Mary nodded emphatically. "Oh, I would! I'd love it!" Then she laughed at her mother's puzzled expression.

"You can't understand it, can you? Your whole brood is turning out to be the kind that pines to be 'in the swim' for itself. Still, you didn't cluck distractedly when Joyce went to New York and Holland into the Navy, and you followed Jack up here when he struck out for himself, and you know Norman's chosen work is liable to take him anywhere on the face of the globe. So I don't see why you should cluck at me when I edge off after the others."

Mrs. Ware smiled into the merry eyes waiting for their answer. "I'm not trying to stop you entirely," she replied. "I'm only warning you to go slowly and to be very careful. As long as there is nothing especial you have set your heart on accomplishing, it seems unwise to snatch at the first chance that offers. You're very young yet, remember, only eighteen."
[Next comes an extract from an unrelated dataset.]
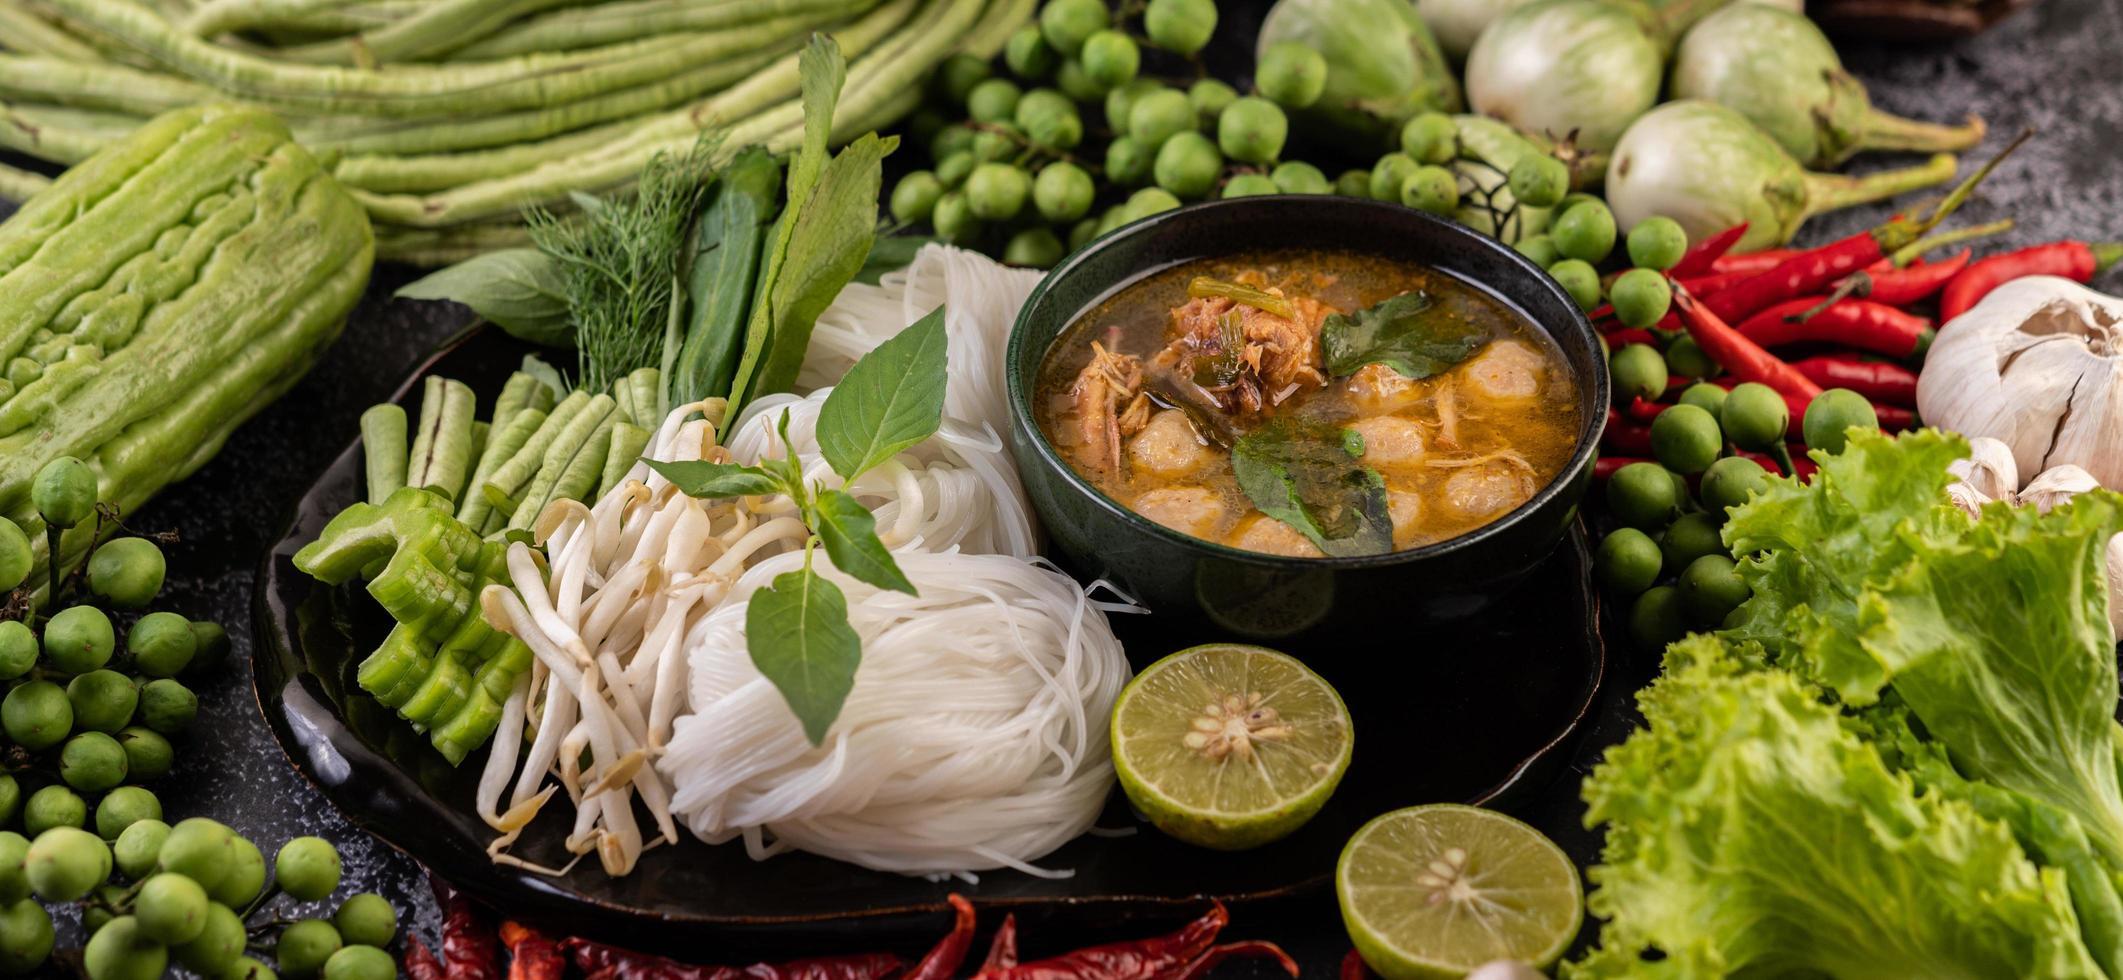 fideos de arroz con chiles, melón, lentejas y limón foto

Mary made no answer for several minutes. Down in her heart was the feeling that some day her life would mean far more to the world than Joyce's career as an artist or Holland's as a naval officer. She had felt so ever since that first day at Warwick Hall, when she gazed up at the great window of Edryn's tryst, where his coat of arms gleamed like jewels in its amber setting. As she had listened to the flood of wonderful music rolling up from below, something out of it had begun calling her. And it had gone on calling and calling with the compelling note of a far-off yet insistent trumpet, into a world of nameless longings and exalted ambitions, of burning desire to do great deeds. And finally she had begun to understand that somewhere, some day, some great achievement awaited her. Like Edryn she had heard the King's call, and like him she had whispered his answer softly and reverently as before an altar:

"Oh list!
Oh heart and hand of mine, keep tryst—
Keep tryst or die!"

It was still all vague and shadowy. With what great duty to the universe she was to keep tryst she did not yet know, and it was now two years since she had heard that call. But the vision still stayed. Inwardly she knew she was some sort of a Joan of Arc, consecrated to some high destiny. Yet when she thought of explaining anything so intangible, she began to smile at the thought of how ridiculous such an explanation would sound, shouted out in broad daylight, above the roar of the train. Such confidences can be given only in twilight and cloisters, just as the call itself can come only to those who "wake at dawn to listen in high places."

But feeling presently that she must give some definite reason to her mother for wanting to start out to seek her fortunes, she leaned across the aisle and slipped a railroad folder from Jack's coat pocket. It had a map on one side of it, and spreading it across both her lap and her mother's, she laid her finger on a spot within the boundary lines of Kentucky.

"Don't you remember my little primary geography?" she asked. "The one I began to study at Lee's ranch? I had a gilt paper star pasted right there over Lloydsboro Valley, and a red ink line running to it from Arizona. I remember the day I put them there, I told Hazel Lee that there was my 'Promised Land,' and that I'd vowed a vow to go there some day if the heavens fell. I'll never forget the horror on her little freckled face as she answered, 'Aw, ain't you wicked! I bet you never get there now, just for saying that!'

"But I did get there!" she continued with deep satisfaction. "And now I've made up my mind to go back there to live some of these days. You see, mamma, my visit there was like the trial trip that Caleb and Joshua made to 'spy out the land.' Don't you remember the picture in Grandmother Ware's Bible of the two men coming back with such an enormous bunch of grapes on a pole between them that they could hardly carry it? It proved that the fruits of Canaan were better and bigger than the fruits of any other country. That was what my visit did; proved that I could be better and happier in Lloydsboro Valley than anywhere else in the world."

There was a moment's silence, then she added wistfully, "Somehow, when you're there, it seems easier to keep 'the compass needle of your soul true to the North-star of a great ambition.' There's so much to inspire one there. I have a feeling that if I could only go back to live, I'd— Oh, I hardly know how to express it! But it would prove to be my 'high place,' the place where I'll hear my call. So the great reason why I want to start right away to earn money is that I may have enough as soon as possible to buy a home back there. That's my dearest day-dream, and I'm bound to make it come true if I have to wander around in the wilderness of hard work as long as the old Israelites did in theirs. You're to come with me. That's one of the best parts of my dream, for I know how you've always loved the place and longed to go back. Now, don't you think that's an object good enough and big enough to let me go for?"